The objects of the second, UNIV, can be interpreted as predictive models over MAP_i, but should more accurately be interpreted as “things” (logical propositions, the possible physical states of the universe, etc). The interpretation as predictive models is recovered via fixing a forgetful functor (R_i : UNIV -> MAP_i) mapping physical states to sensor readings. The morphisms of UNIV are more complicated, but should (at least) take the form of a framed bicategory with vertical arrows as “logical” maps, vertical arrows as “stochastic” maps. A starting point for a concrete representation is the category Stoch (see for ex. arXiv:1205.1488). The causal structure of UNIV lets objects “roughly factor” as a product of smaller (i.e. lower entropy. See: arXiv:1106.1791) objects.

The real challenge is inferring reality from observation. Interpreting Occam’s razor as a maximum entropy principle, we can freely generate the “best approximation to reality” from sensory data by taking the maximum entropy model generating that data. Of course the functor (L_i : MAP_i -> UNIV) is uncomputable, but since it is characterized by a universal property, it is still well-founded as a function, so can be manipulated formally, and computable approximations can be found.

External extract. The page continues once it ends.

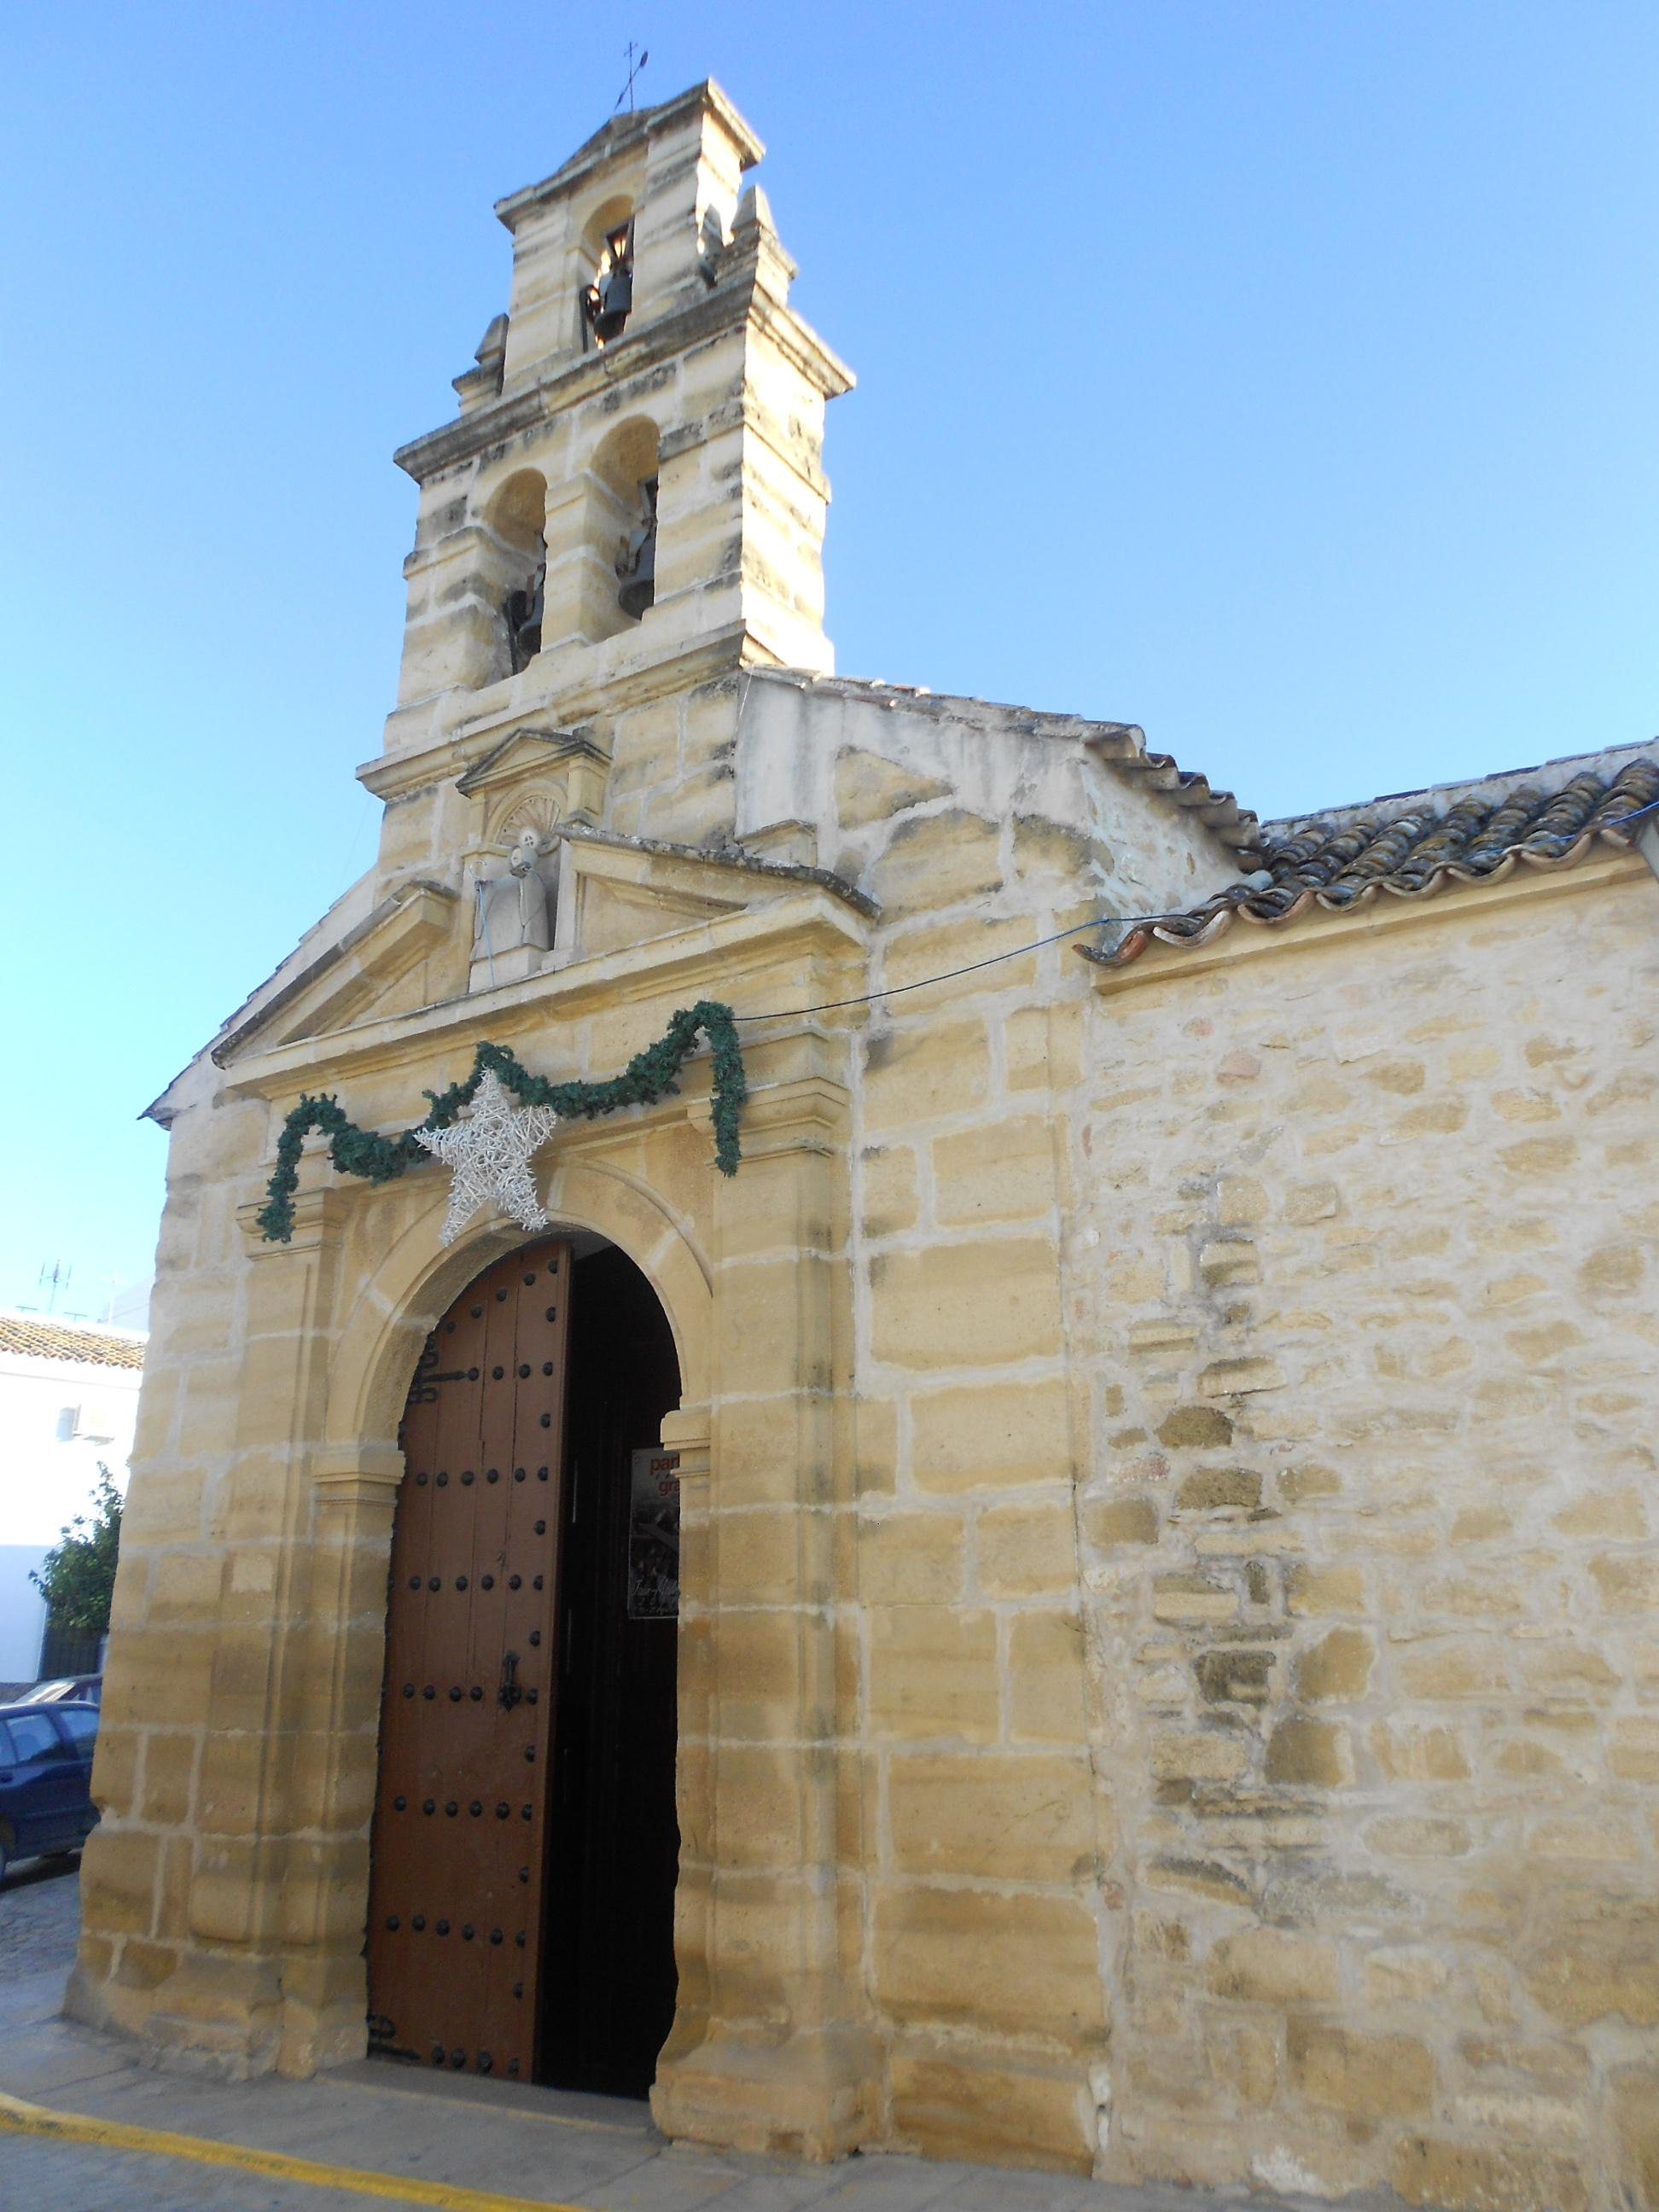 IGLESIA_DE_SAN_BENITO._PORCUNA_(JAÉN)._SPAIN

The details above remain to be worked out, but the motivation for this approach comes when we find the suitable adjoint pairs R_i and L_i:

Then they yield a monad (R_i . L_i : MAP_i -> MAP_i) given by inferring the world, and then restricting to sensory data. Intuitively, this is the “self reflection monad”. If we generalize to let the indices vary freely we instead get (R_j . L_i : MAP_i -> MAP_j), the “theory of mind” indexed monad.

Now consider the internal logic of this setting, sandwiched between two applications of the monad, i.e. the logic carried out by some agent. Then there are two operations, “reflection” and “reification” that let us shift down or up a level in the monad stack. (see: Andrzej Filinski’s work, ex. “Representing Monads”). Reflection lets us believe we experience what we believe we believe we experience (with some side effects in the form of disciplined effort), and reification lets us believe we experience what we actually experience (with some side effects in the form of introspective effort). Reflection is analogous to an AI self-modifying to believe/act the way it thinks it should believe/act, and reification is analogous to an AI making its beliefs explicit.

An interesting point here is that the monad is over MAP – you can’t talk about what is “true” abstractly, but only make concrete predictions of experience, implicitly utilizing UNIV as part of the context. This may be a flaw needing correction, though it is more compelling to consider it as a solution to inconsistency. By forcing each recursive step to occur between the monad, monadic effects witness each step, and maintain coinductive productivity. However, the classic notion of ‘denotation’ is lost in the general case (we cannot simply avoid Godel’s theorem). This might not be so bad though, as many propose (ex. J-V Girard) that *interaction* is primary, while denotation is incomplete. i.e. we may still be able to reason about and put bounds on the long term behavior of self-modifying A.I., even if the process never converges.